REVIEWED BY DAN STUMPF:         


THE CIRCUS QUEEN MURDER. Columbia, 1933. Adolphe Menjou, Greta Nissen, Ruthelma Stevens, Dwight Frye, Donald Cook, Harry Holman, George Rosener. Based on the novel About the Murder of the Circus Queen (1932) by Anthony Abbot. Director: Roy William Neill.

THE CIRCUS QUEEN MURDER

   More stylish than Dear Murderer [recently reviewed here ] but less intelligent, The Circus Queen Murder offers Adolphe Menjou as Anthony Abbott’s Thatcher Colt, crusading District Attorney essaying that pre-doomed enterprise, a vacation from crime.

   Colt and his Gal Friday (An actress with the unlikely name Ruthelma Stevens, very good in a Glenda-Farrell-ish way.) quickly hook up with a traveling circus that just as quickly turns into one of those hotbeds of passion celebrated in cheap movies and paper-backs: threats, killing, more threats, murder and impersonating-a-cannibal ensue before things sort themselves out.

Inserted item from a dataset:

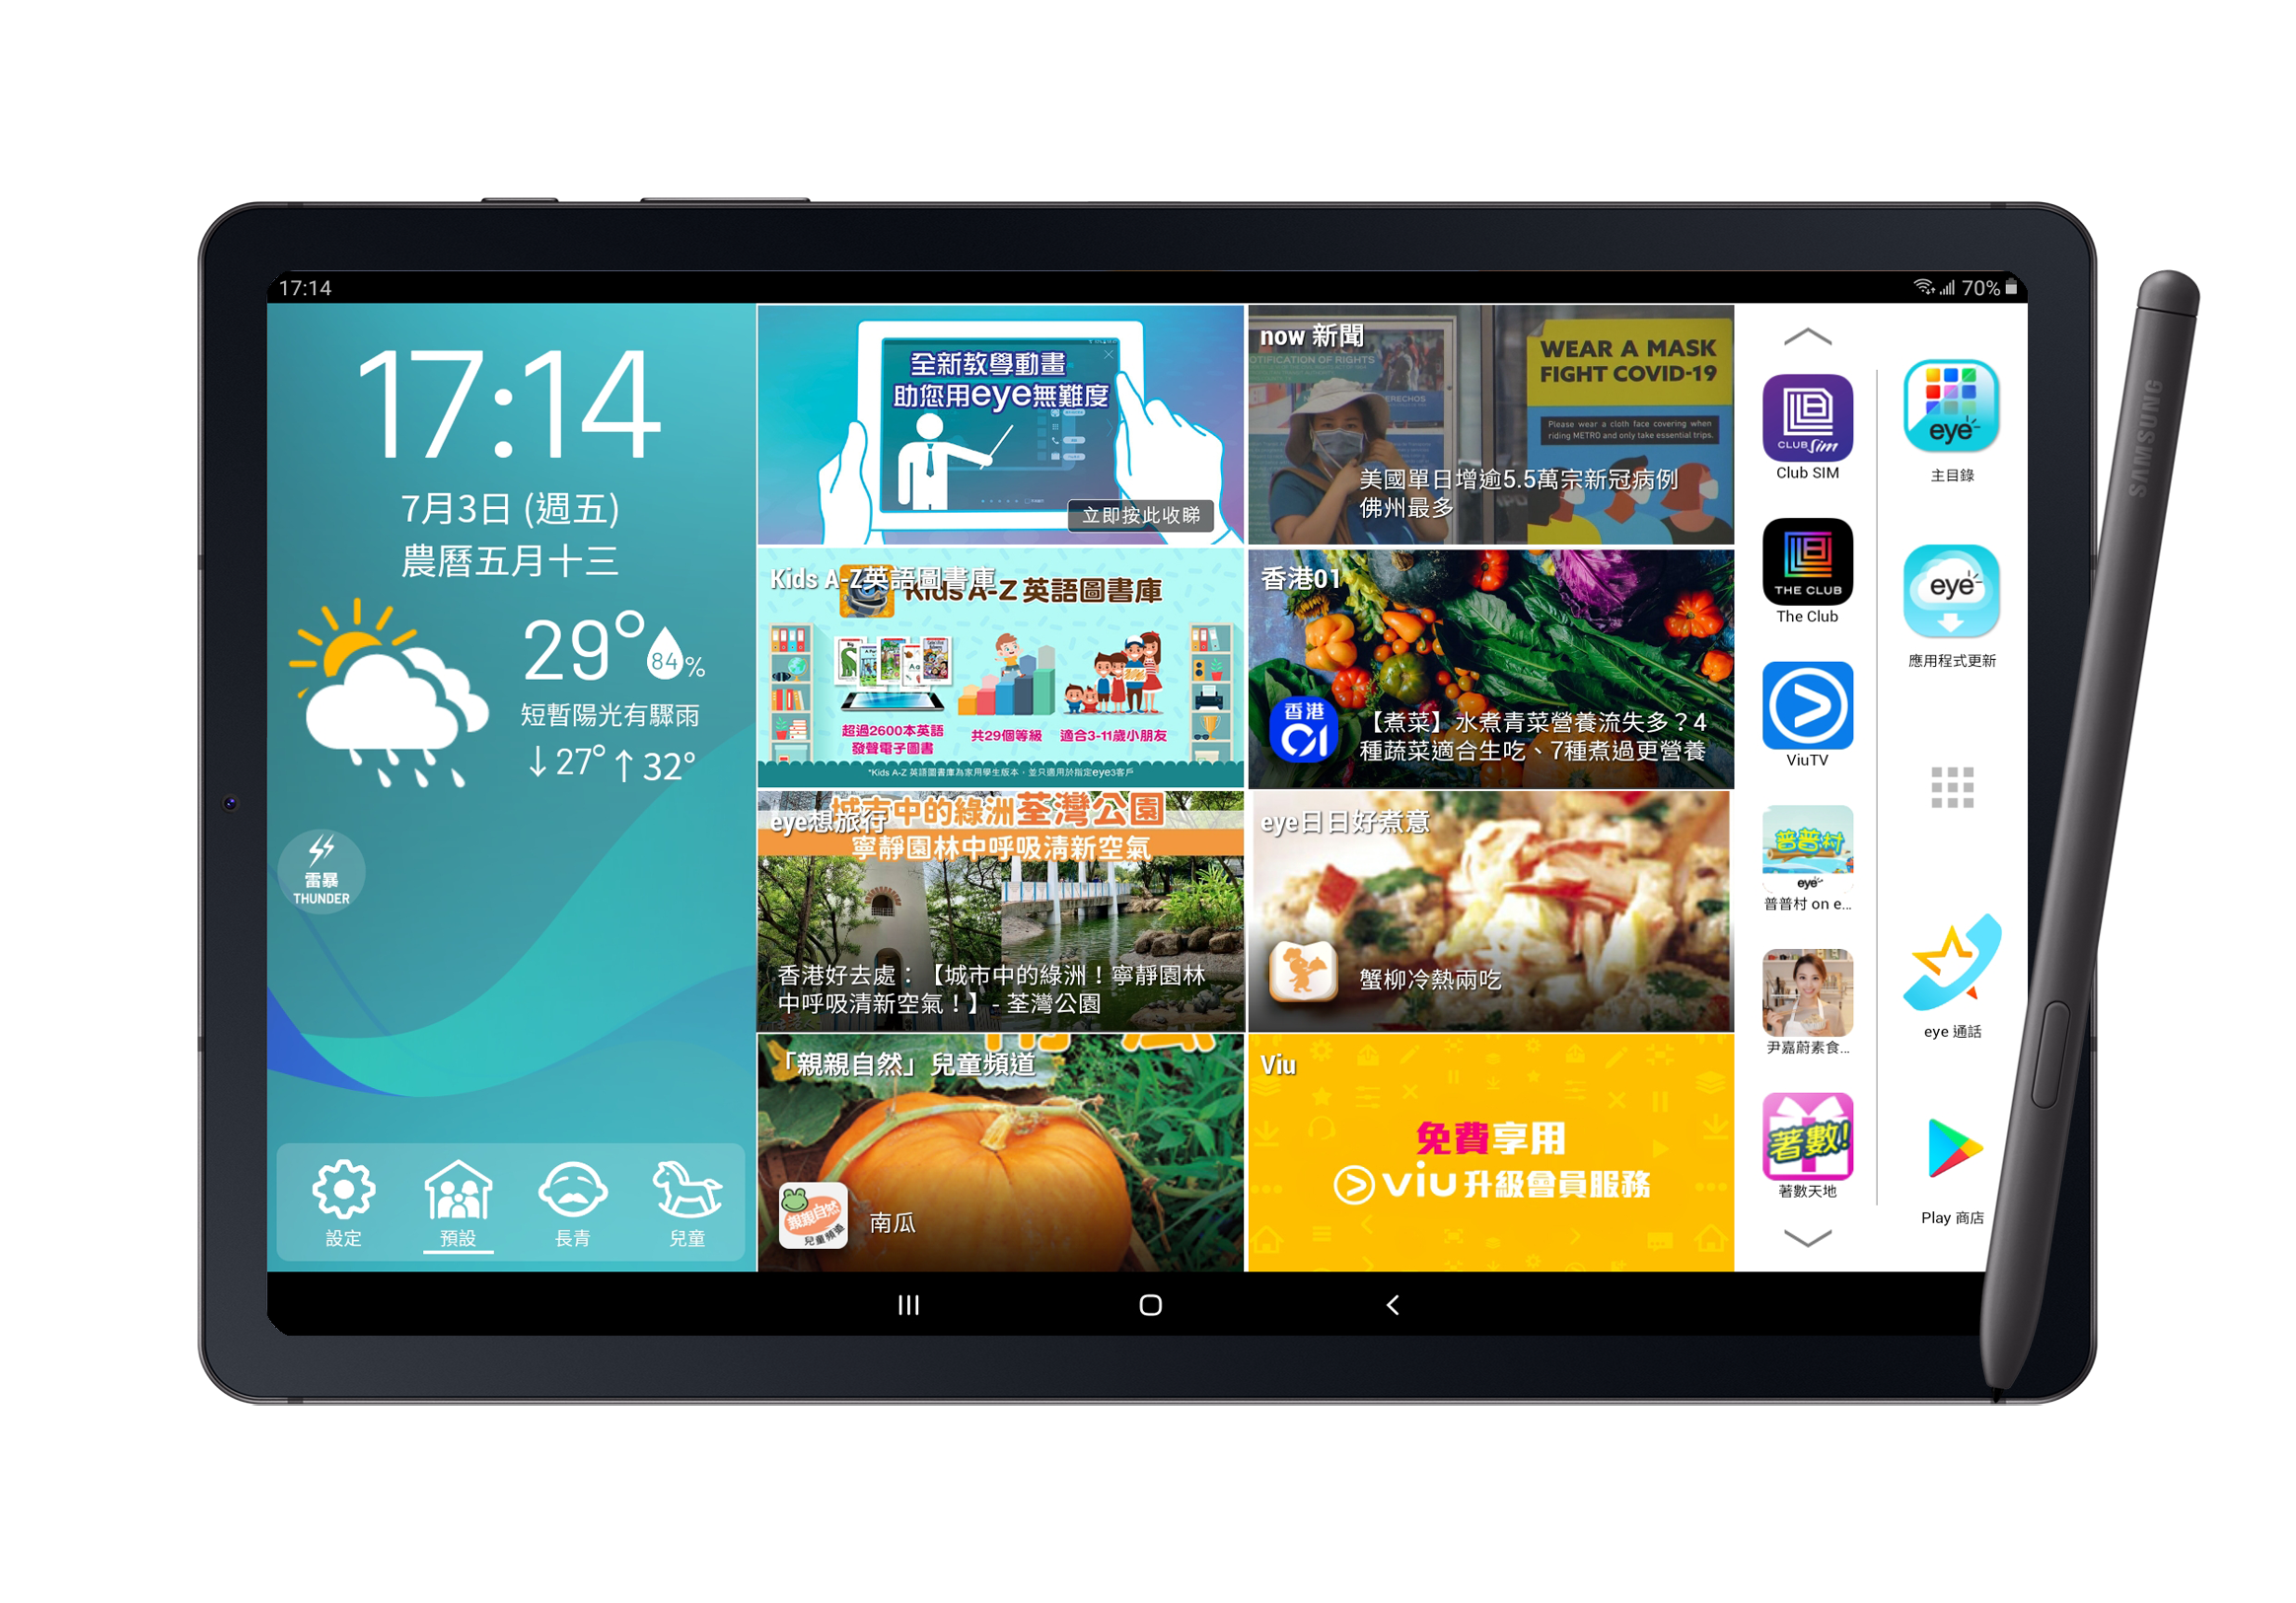 Samsung Galaxy Tab S6 Lite 10.4” LTE

   Under the sure hand of director Roy William Neill (he of Universal’s “Sherlock Holmes” series) this moves along quickly and with a certain amount of class, filled with catchy camera angles and some surprisingly subtle touches.

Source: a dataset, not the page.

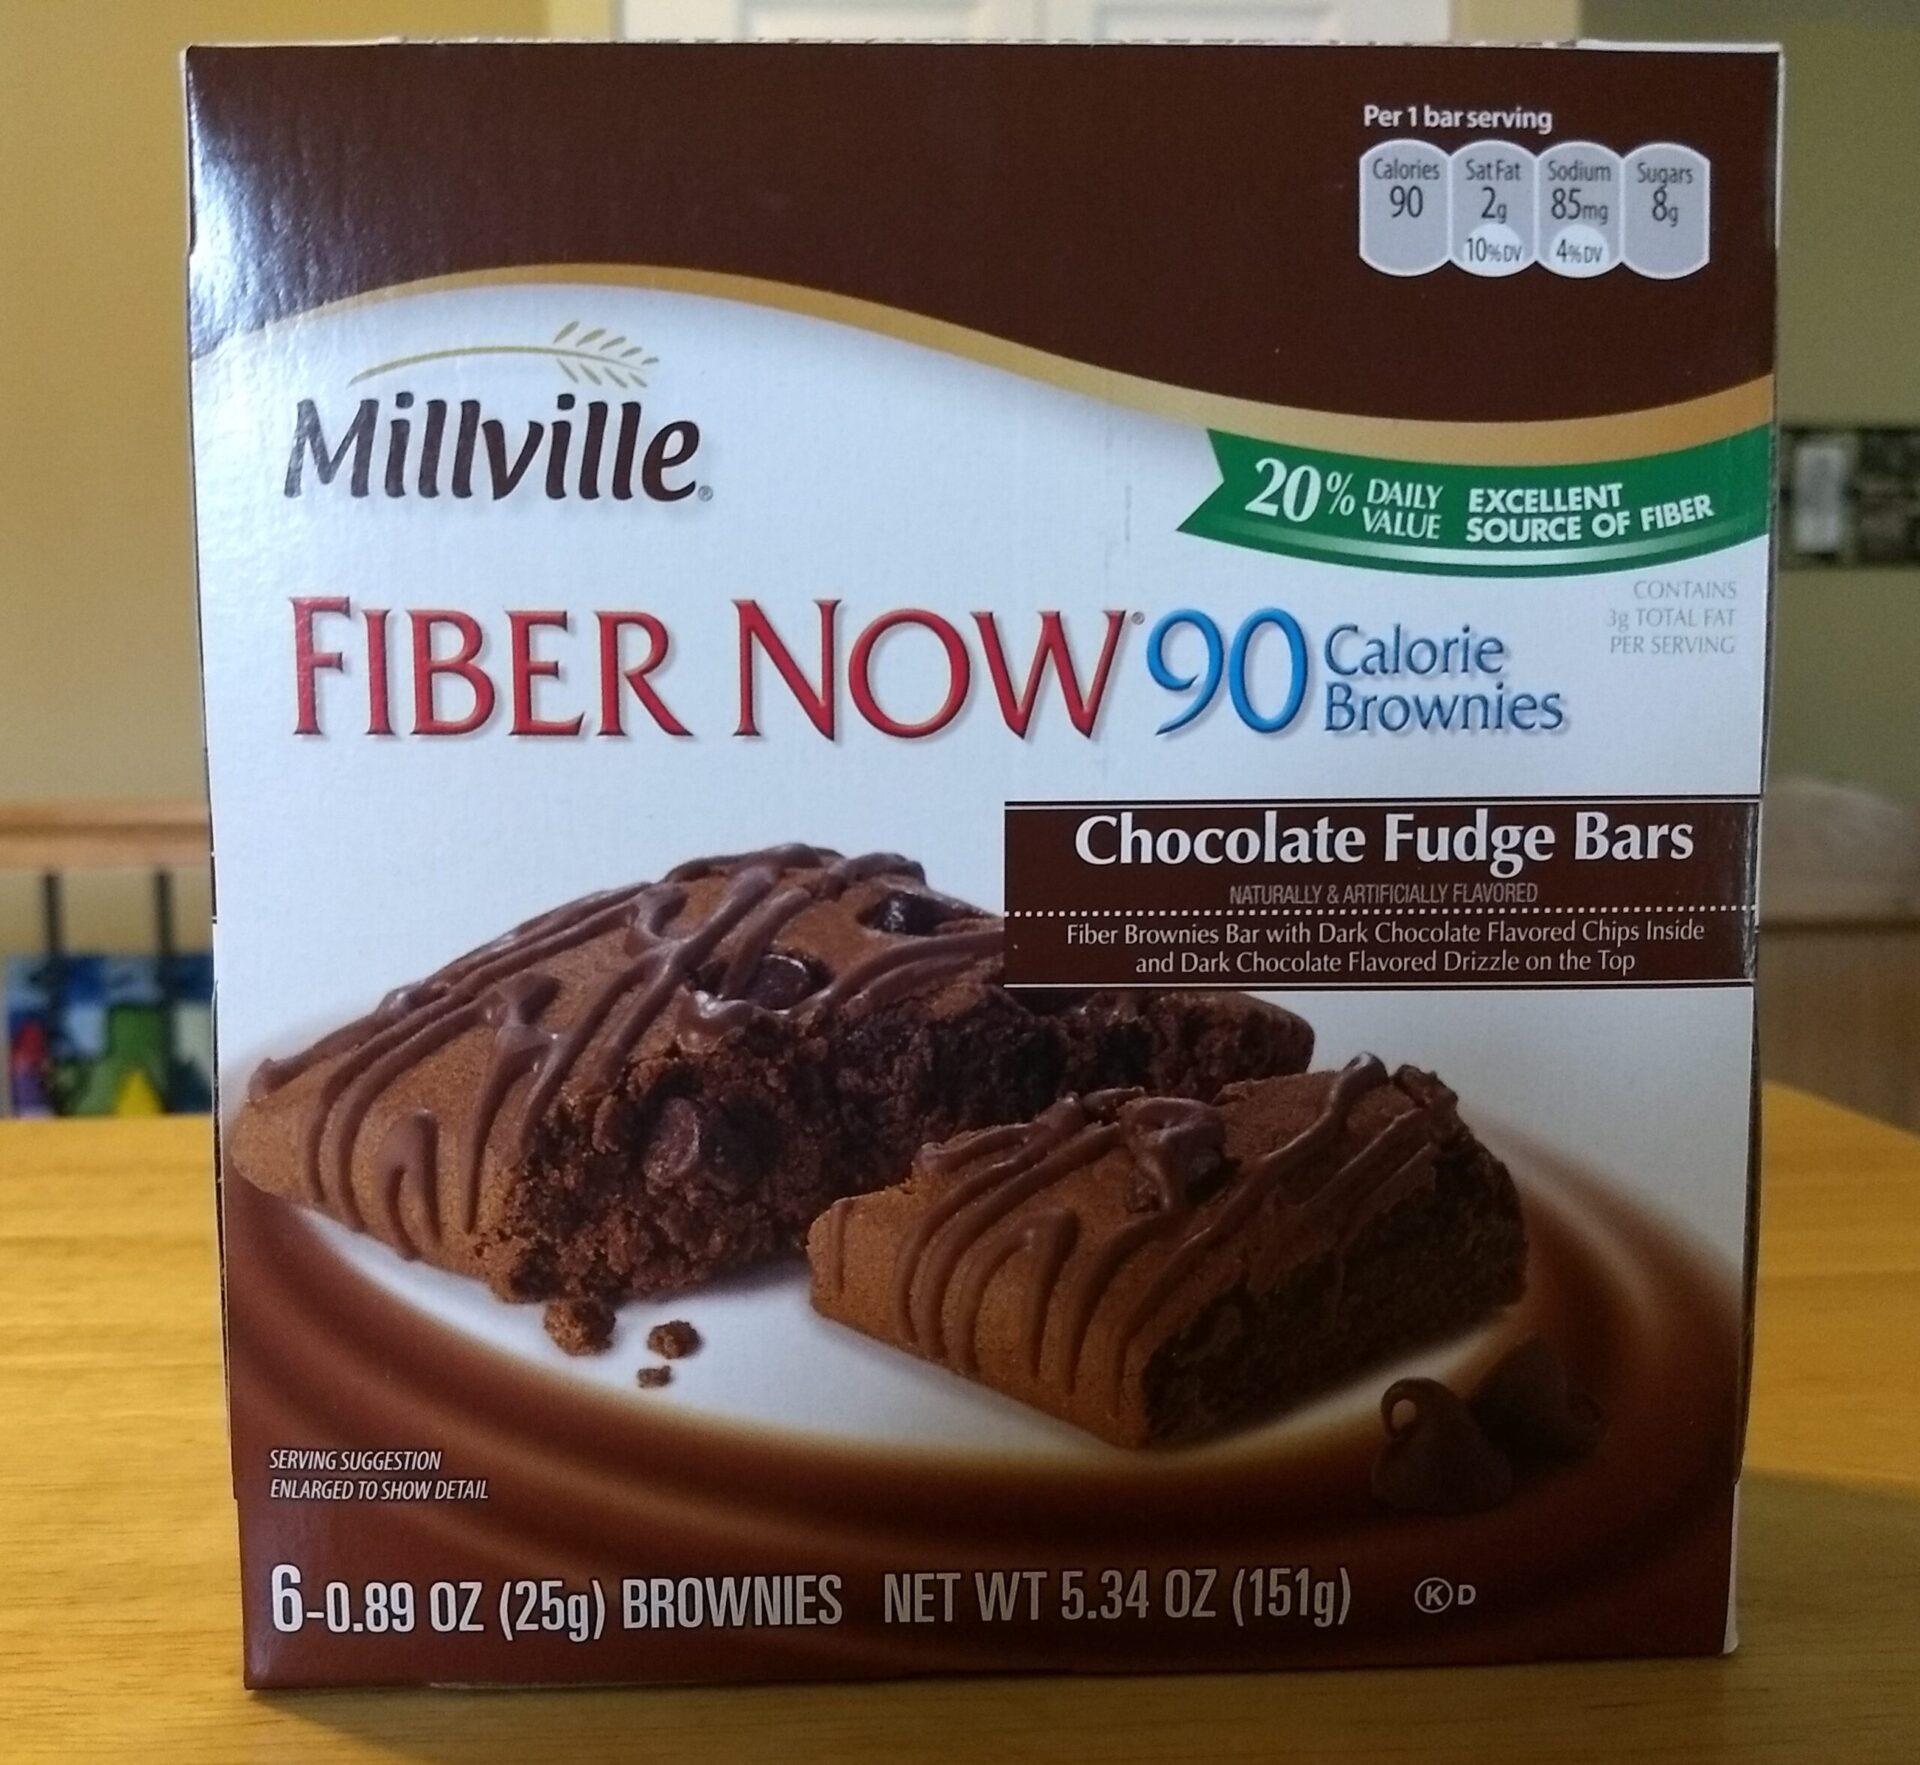 Millville Fiber Now 90 Calorie Chocolate Fudge Bars

   I particularly liked Stevens reporting a conversation to the investigators: “He called her a lying little [micro-pause] cheat,” and a few minutes later, Menjou looks at her knowingly and says, “So he called her a lying little [same micro-pause] cheat, did he?” leaving our fertile minds to conjecture just what he really called her.

THE CIRCUS QUEEN MURDER

   Unfortunately, there’s more style than sense here. I kept waiting for the legendary Thatcher Colt to come up with some brilliant deduction, surprise us with some clever twist or maybe just shoot something, but (WARNING!) there are no bombshells here: no surprise about the killer, the victim, none of that, and we pretty much just watch Adolphe Menjou watch things turn out the way they would have if he’d never stepped in.

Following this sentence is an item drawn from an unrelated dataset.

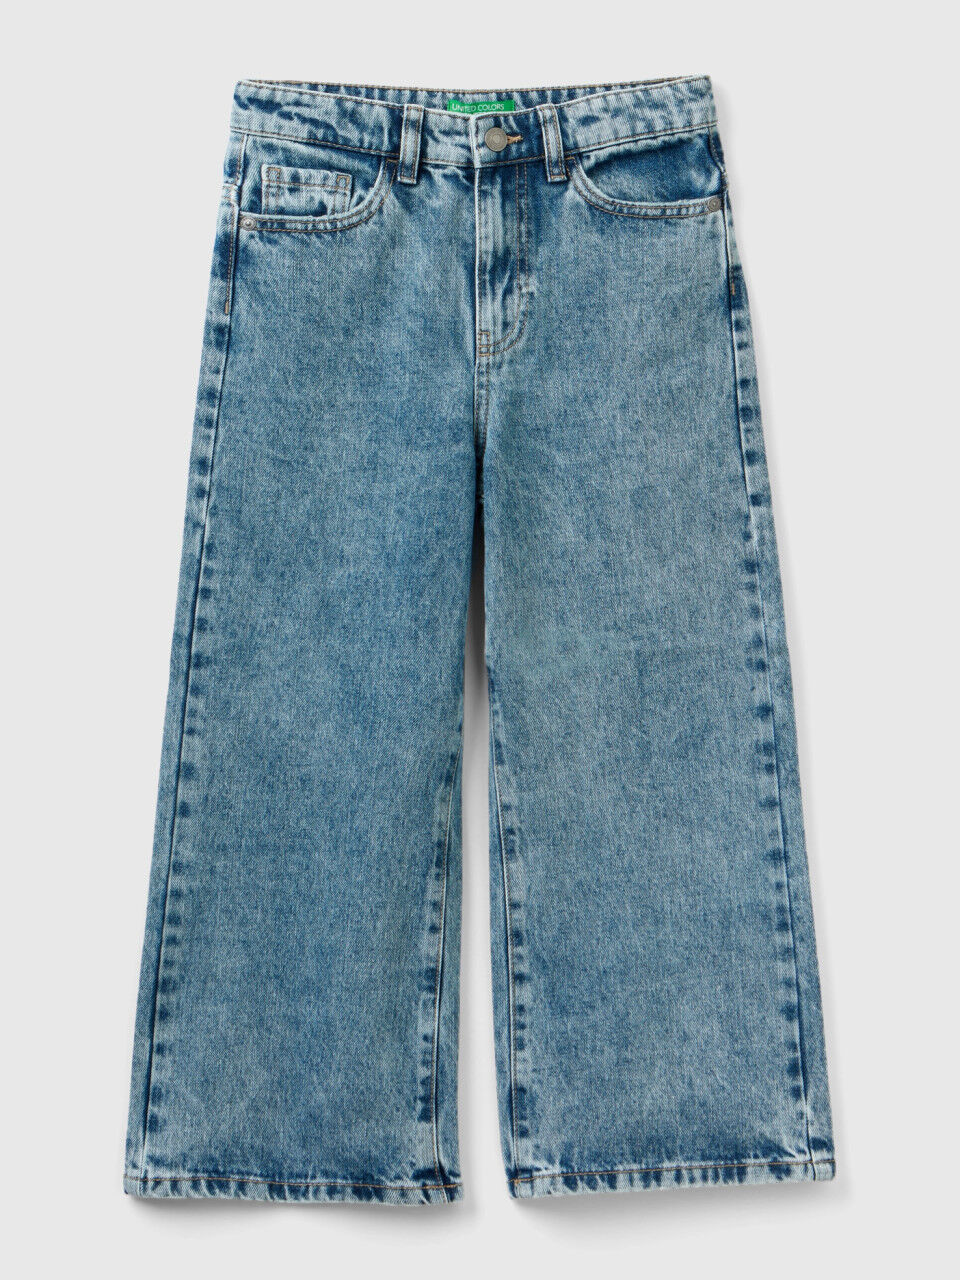 Zara Kids Blue Striped Pull-on Jeans Girls Size 10 Skinny Leg Stretch | eBay

   Something does finally lift Circus Queen out of its rut, though, and that’s Dwight Frye, the spiritual progenitor of Elisha Cook Jr. and a cult actor if ever there was one, here cast perfectly as the maniacal cuckold.

   Frye was perhaps a limited actor, but he was unforgettable in Dracula and Frankenstein, and here, given a meaty part, he takes it in his teeth and runs with it, turning this into a pretty satisfying time.